Minories

The Minories is one Colchester’s largest Tudor buildings was rebuilt in 1776 by the influential merchant family of Boggis. The building passed through several ownerships including a local German doctor Becker whose son Harry was destined to become one of East Anglia’s best loved painters. In 1915 it passed to the Bensusan-Butt family and Ruth Bensusan-Butt a local doctor had her consulting rooms in the front of the building. She was coincidentally the sister-in-law of painter Lucien Pissarro. Eventually the house and gardens and the Gothic Folly were sold to the Victor Batte-Lay Trust in 1956. Since the purchase of the Minories, the building has afforded a cultural and artistic centre for Colchester and North-East Essex for over half a century.

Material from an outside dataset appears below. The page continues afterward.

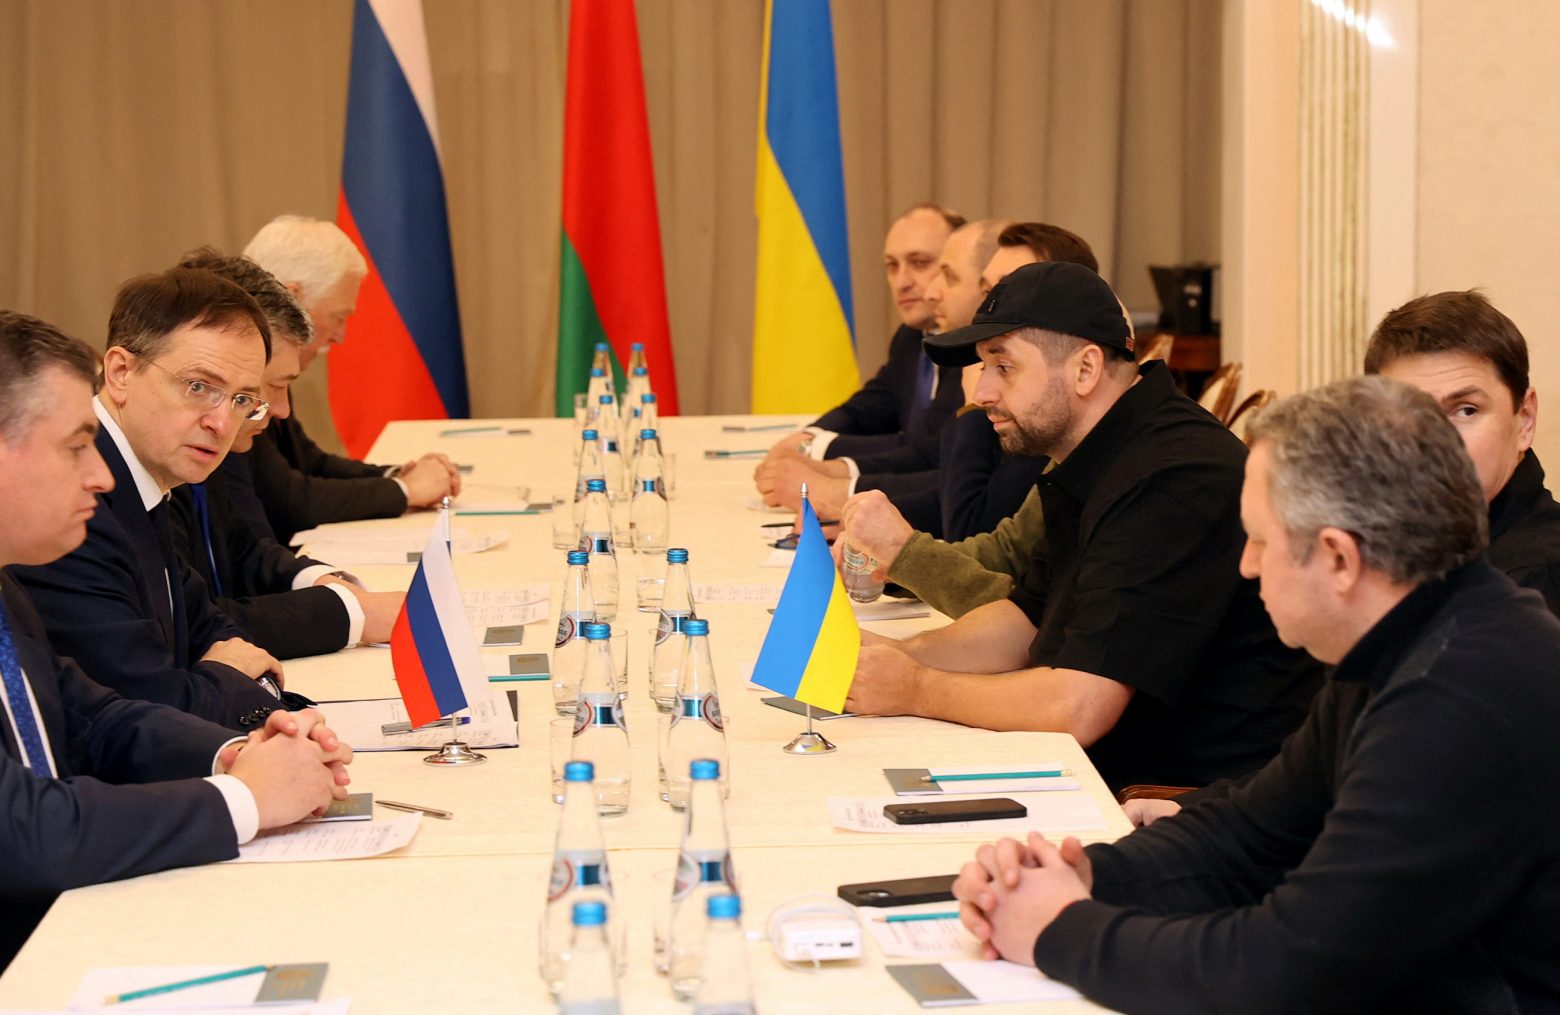 Πόλεμος στην Ουκρανία: Ολοκληρώθηκαν οι διαπραγματεύσεις του Κιέβου με τη Μόσχα - Γιατί γυρίζουν στις πατρίδες τους

Over the years the Minories has exhibited a variety of works largely by East Anglian artists or practitioners with local connections. These include Edward Bawden, Leon Underwood, Eric Ravilious, brothers John and Paul Nash, Lucien Pissarro, Cedric Morris, Christopher Wood, Hugh Cronyn, Bill Brandt, Maggi Hambling, Roderic Barrett, Peter Coker, Jacob Epstein and Valerie Thornton. Mark Wallinger held one of his very early exhibitions in August 1983 at the Minories. By the early 1990's the Trust's resources diminished to the extent that the gallery was forced to closed through lack of funding in 1992. In 1994 the Minories reopened using public money from Essex County Council, Colchester Borough Council and East of England Arts and went through a major refurbishment in 2007/8.